# Homemade peanut butter



## megaresp (Jun 10, 2009)

Does anybody here make their own peanut butter? My standard peanut butter recipe is...


200g unsalted peanuts roasted (already shelled)
Paprika (for colouring...as much as necessary to get it looking right)
1/4 tsp salt
Add to food processor, and blend until thoroughly chopped and mixed
Add 3 tbsp of peanut oil, and blend until the mixture starts to look like bread dough being kneaded in a bread maker
 The resulting peanut butter is smooth, though not as finely ground as commercial peanut butter.

I'm always on the lookout for ideas to alter the flavour. I've tried the following varieties so far...

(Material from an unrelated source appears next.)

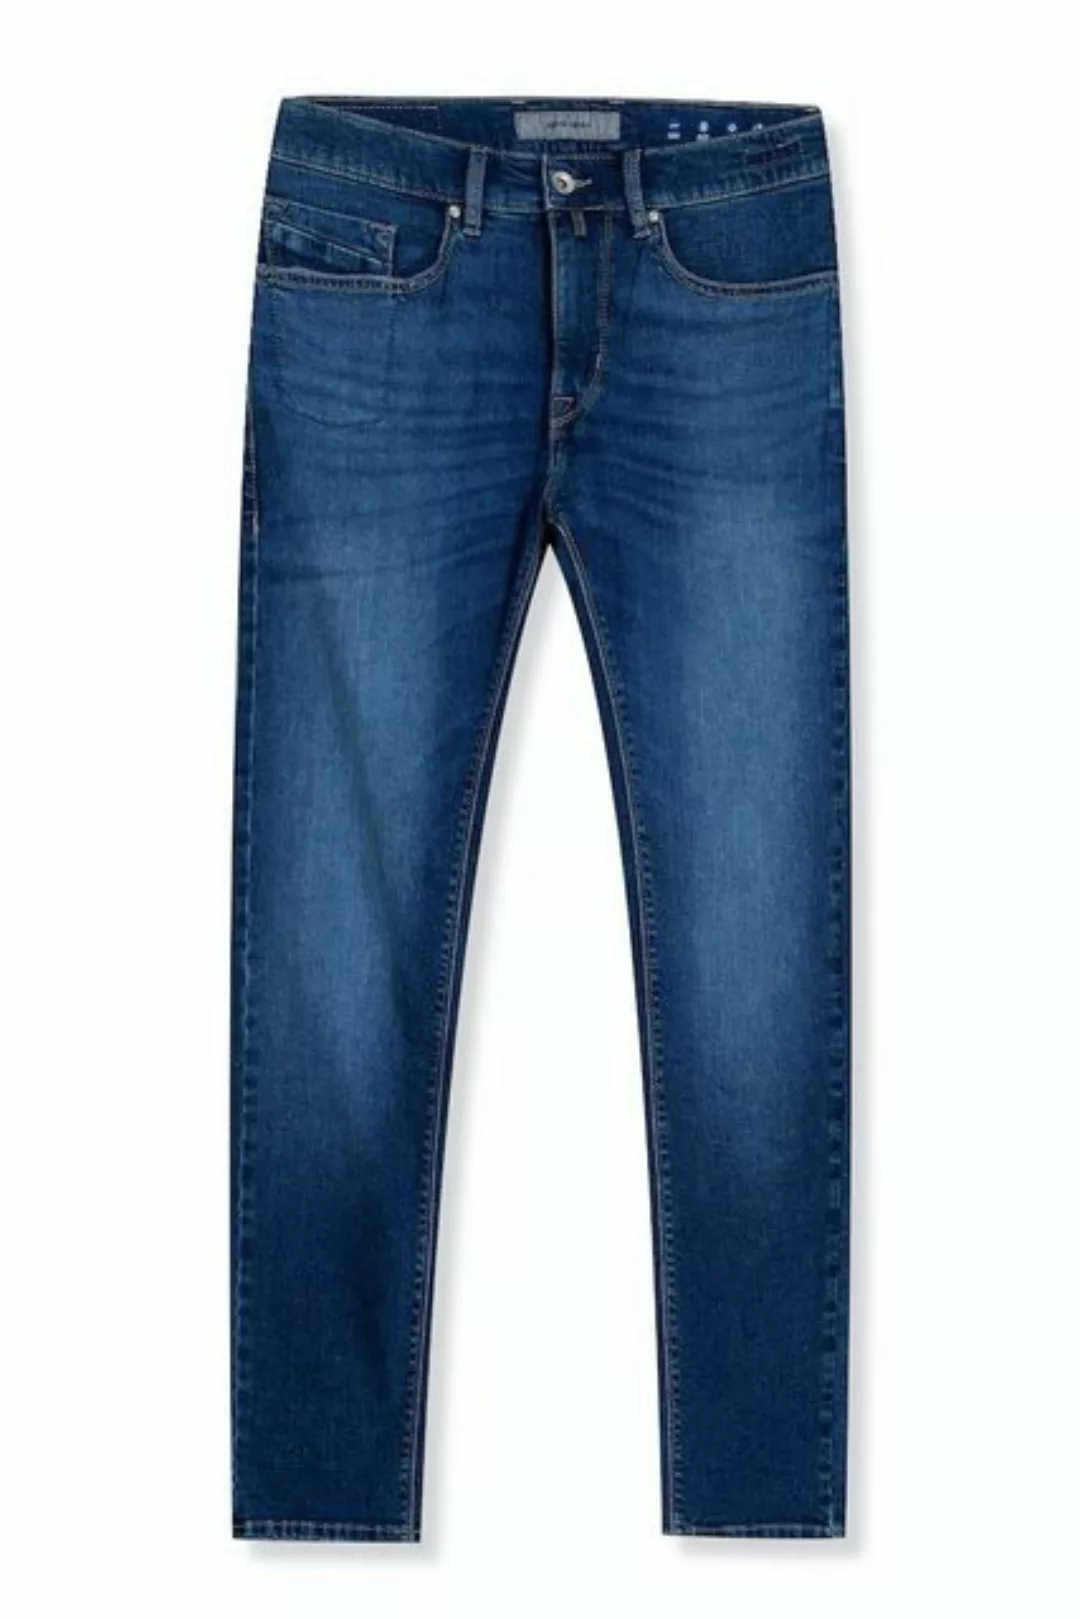 Pierre Cardin Bequeme Jeans Pierre Cardin / He.Jeans / Antibes günstig online kaufen
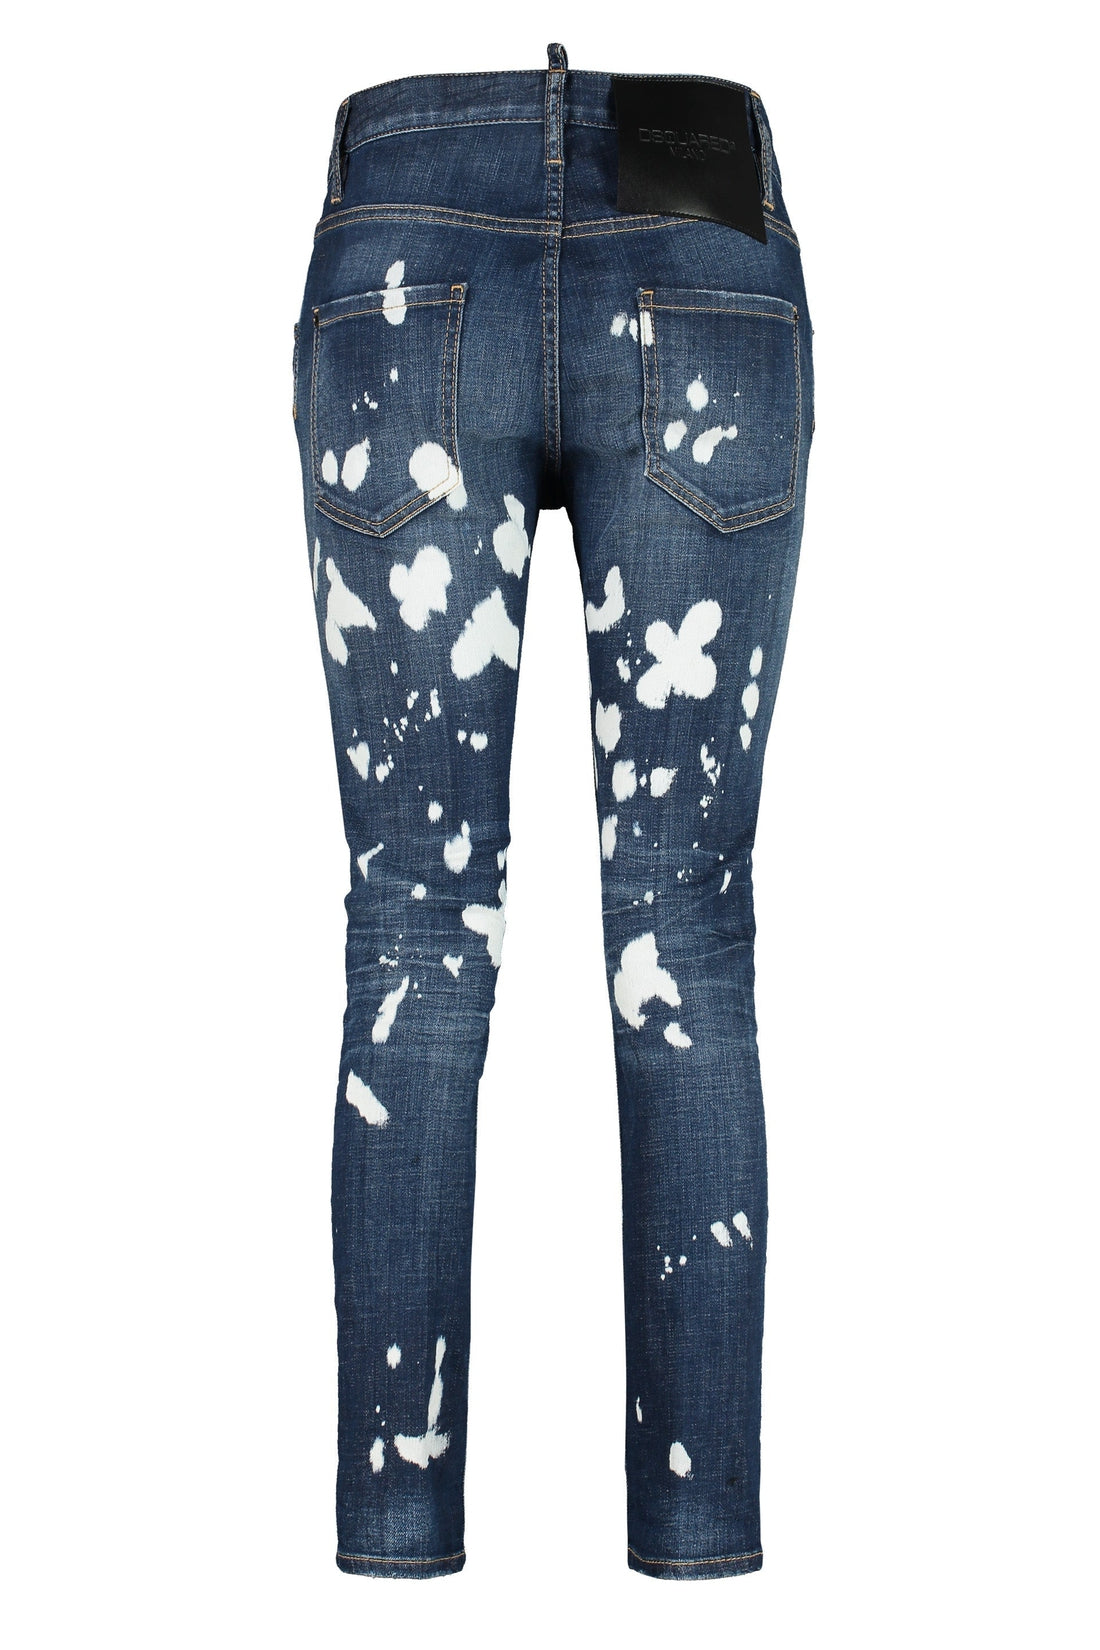 Dsquared2-OUTLET-SALE-Cool Girl Jean 5-pocket jeans-ARCHIVIST

Ground chilli - quite nice - certainly gives your morning toast a kick!
Olive oil instead of peanut oil - delicious and produces a different flavour to the one I expected
If you make your own peanut butter, care to share your flavour enhancements?


----------



## luvs (Jun 10, 2009)

i've blended my own almond kind before; i used olive oil & i thought it would be great..... it was not!
i love your chili addition; i may try peanut/cayenne! thanks.


----------



## jet (Jun 10, 2009)

I've tried it with both peanuts and almonds.  The resulting mixture had the consistency of wet sawdust.


----------



## radhuni (Jun 10, 2009)

I haven't made peanut butter in home, I will try to prepare according to your recipe.


----------



## lifesaver (Jun 15, 2009)

Oh Cool! Thanks for sharing.


----------